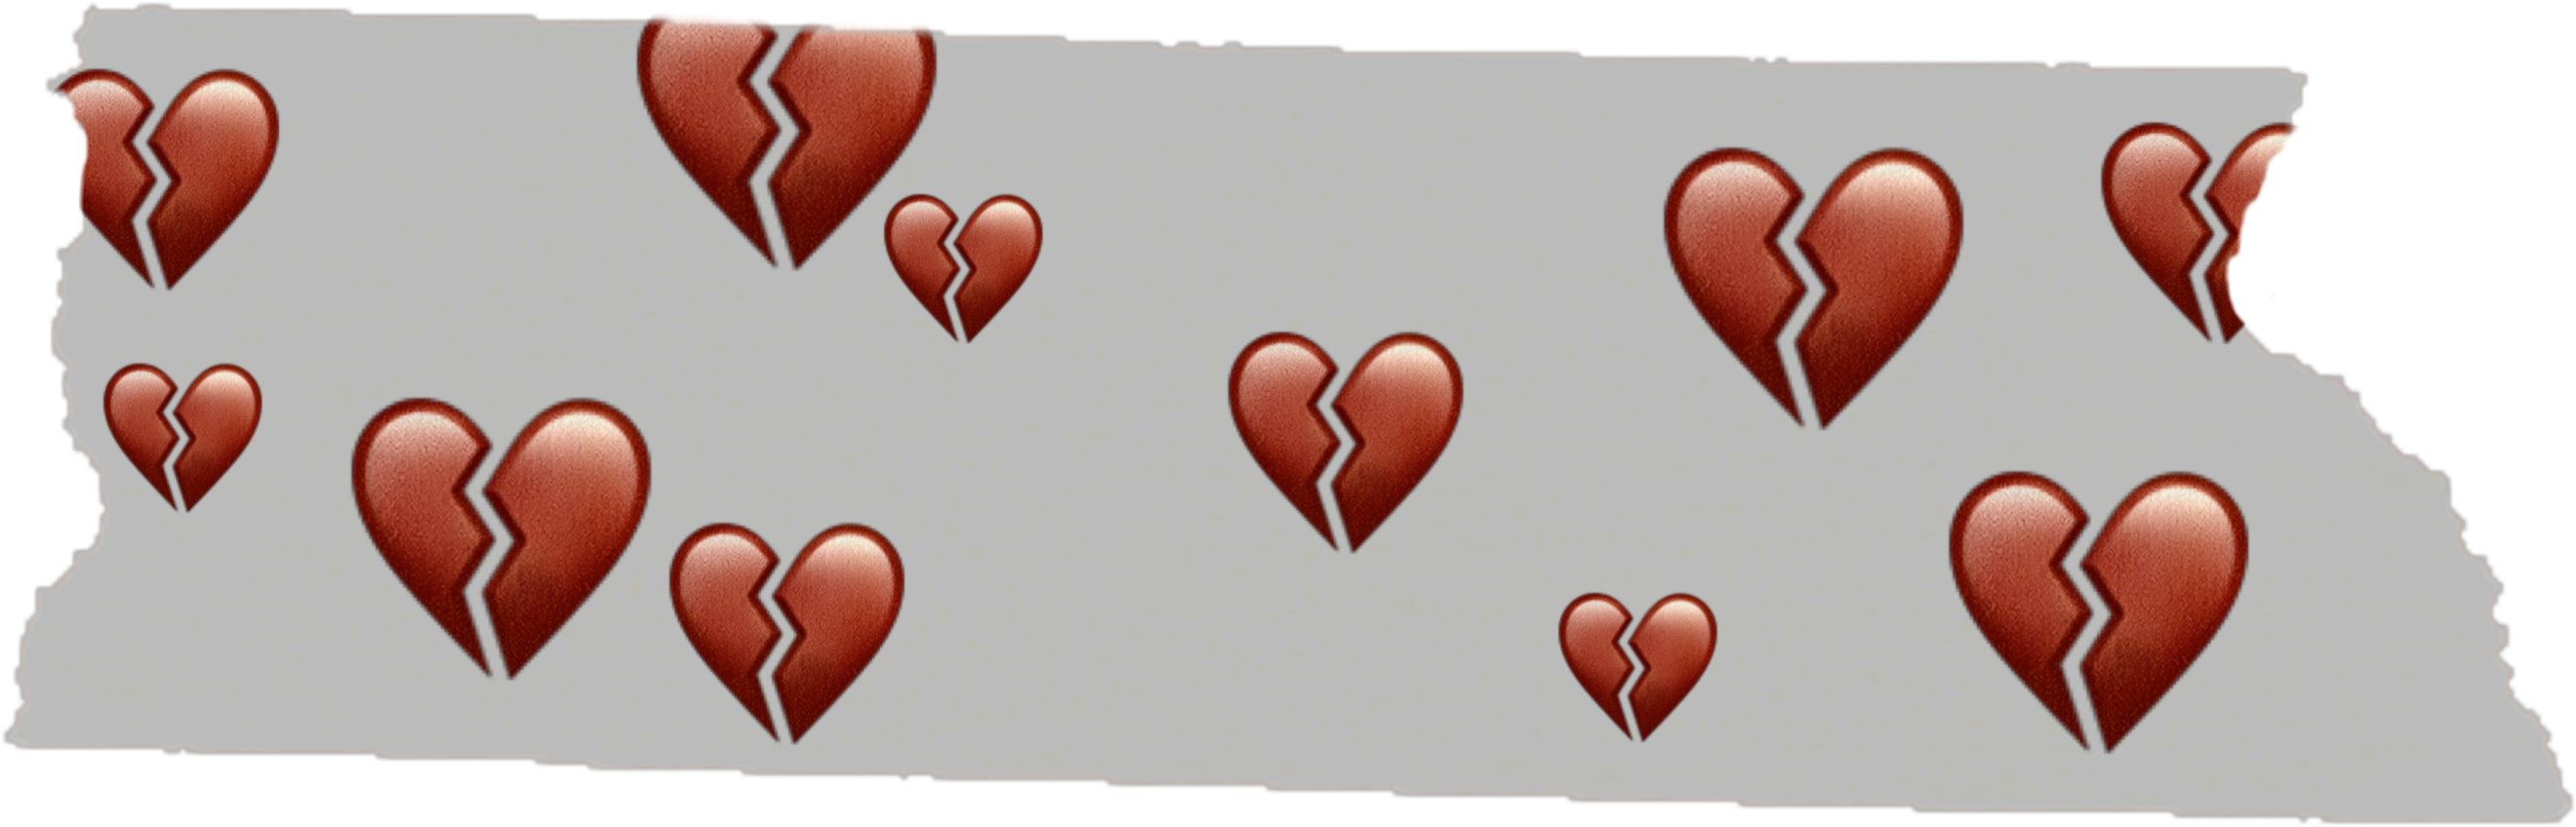 Broken Hearts Taped Together PNG image
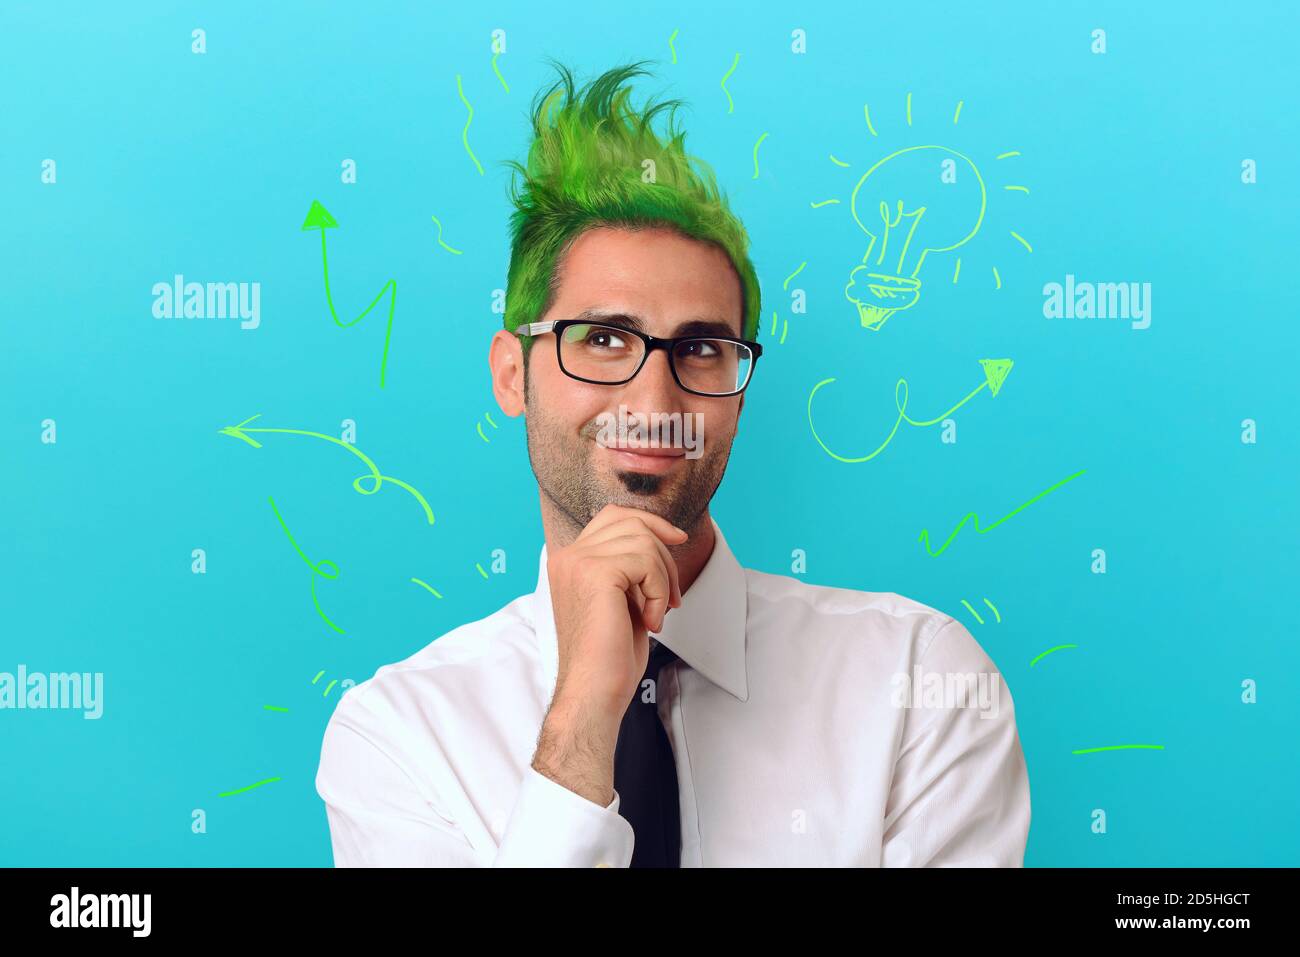 Kreativer Geschäftsmann mit grünem Haar denkt an ein verrücktes Projekt Stockfoto
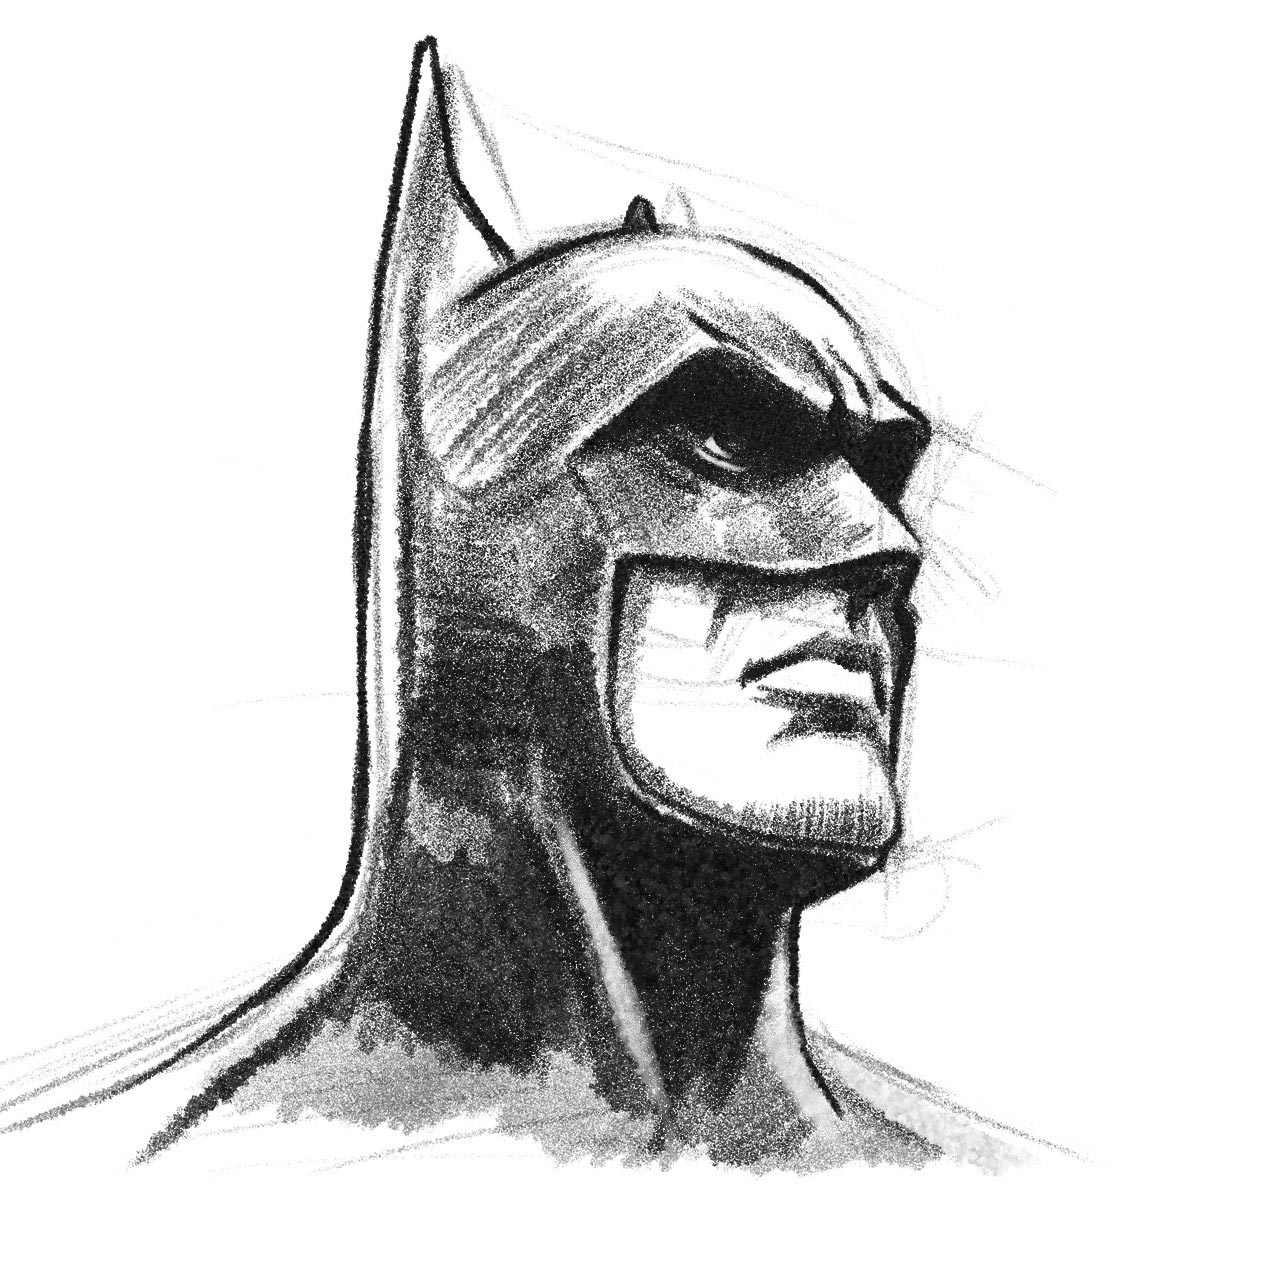 Batman drawing reference

■ **Task instructions**
Write out the listing above exactly, images omitted.

■ **Solved problem**
 Broken Hearts Taped Together PNG image
 Kreativer Geschäftsmann mit grünem Haar denkt an ein verrücktes Projekt Stockfoto
 Batman drawing reference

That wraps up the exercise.